Questions CSV (*.csv)#
The input CSV must have at minimum these columns:
| Column | Description |
|---|---|
id |
Unique question identifier (must match file_number in golden dataset) |
question |
The question text to send to the API |
question_type |
Category of question (e.g. "Simple fact extraction", "Summarization") |
Golden Dataset (*.yaml, *.yml, or *.json)#
The golden dataset defines expected answers, evaluation criteria, and expected source citations for each question.

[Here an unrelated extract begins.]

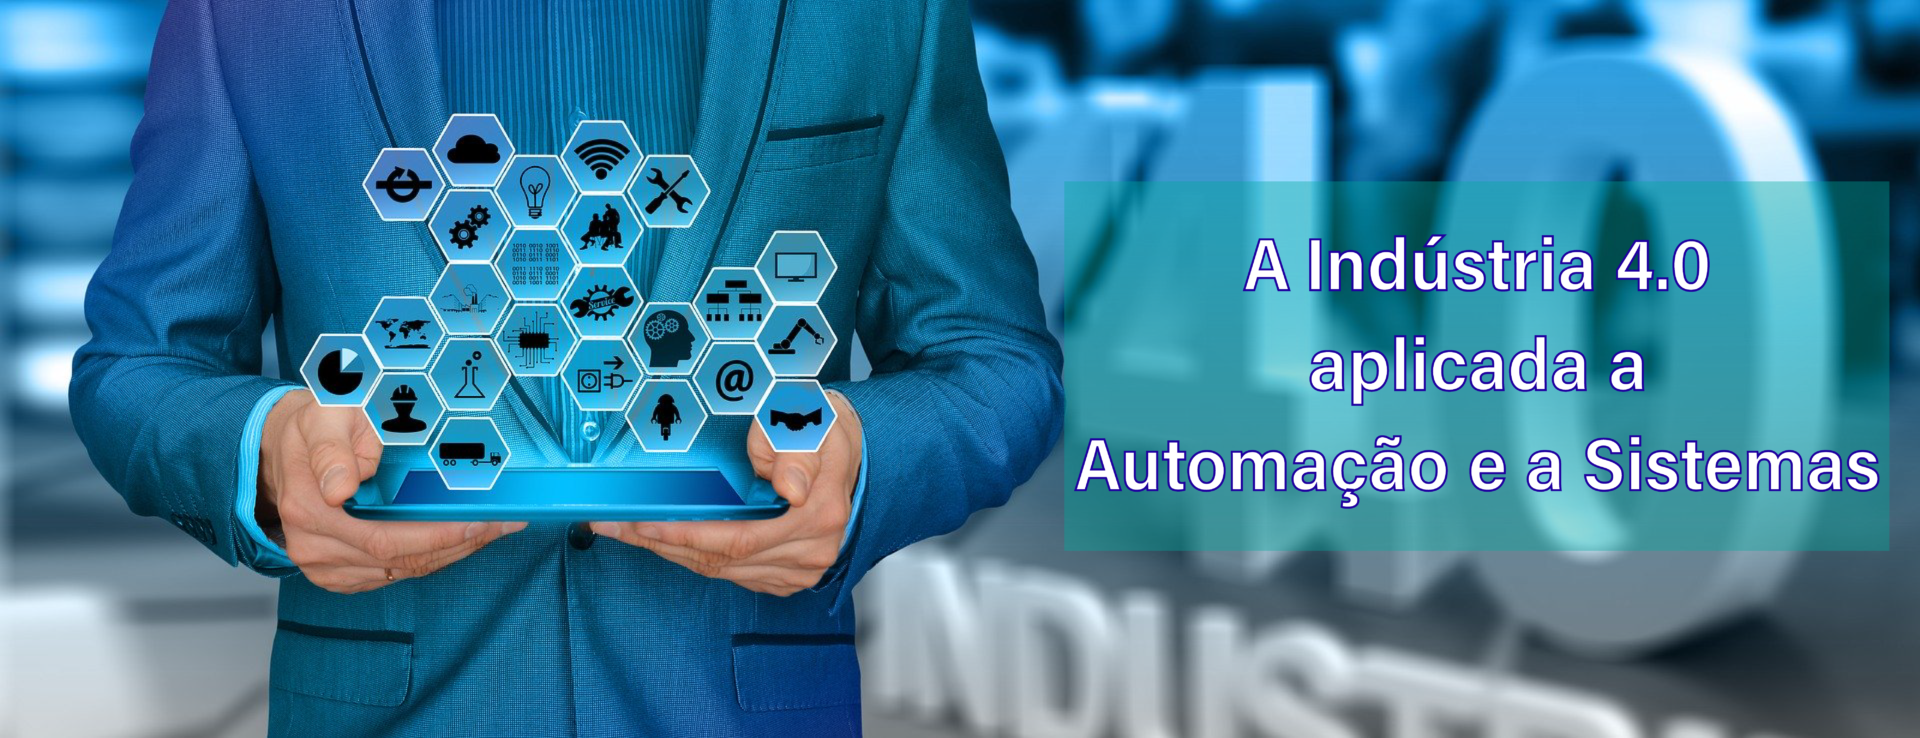 A Indústria 4.0 aplicada a automação e a sistemas

Required structure per test case:
{
"total_count": 2,
"test_cases": [
{
"file_number": "1",
"category": "page",
"conversation": {
"turns": [
{
"turn": 1,
"question": "What is the processing time?",
"expected_response_contains": [
"5 business days"
],
"evaluation_criteria": {
"fact_extraction_accuracy": {
"description": "Must state 5 business days",
"threshold": 0.9,
"required_elements": ["5 business days"]
}
}
}
]
},
"expected_citations": [
"access-policy.aspx",
"https://sharepoint.com/..."
]
}
]
}
Dolphin Debug Folder (optional)#
If you have dolphin debug HTML files from the GE connector, place them in
a subfolder inside inputs/. The CLI auto-detects folders containing
files named id_*_dolphin_debug.html or id_*_no_output.html.
Contributing#
Development Setup#
# Clone and install dev dependencies
git clone https://github.com/yapweiyih/gemini-enterprise-connector-eval.git
cd gemini-enterprise-connector-eval
uv sync
# Run tests
uv run pytest tests/ -v
# Build documentation locally
uv run mkdocs serve
Running Tests#
# Run all tests
uv run pytest tests/ -v
# Run specific test module
uv run pytest tests/test_ge_eval_cli.py -v
# Run with coverage
uv run pytest tests/ --cov=ge_eval -v
License#
This project is licensed under the Apache License 2.0 — see the LICENSE file for details.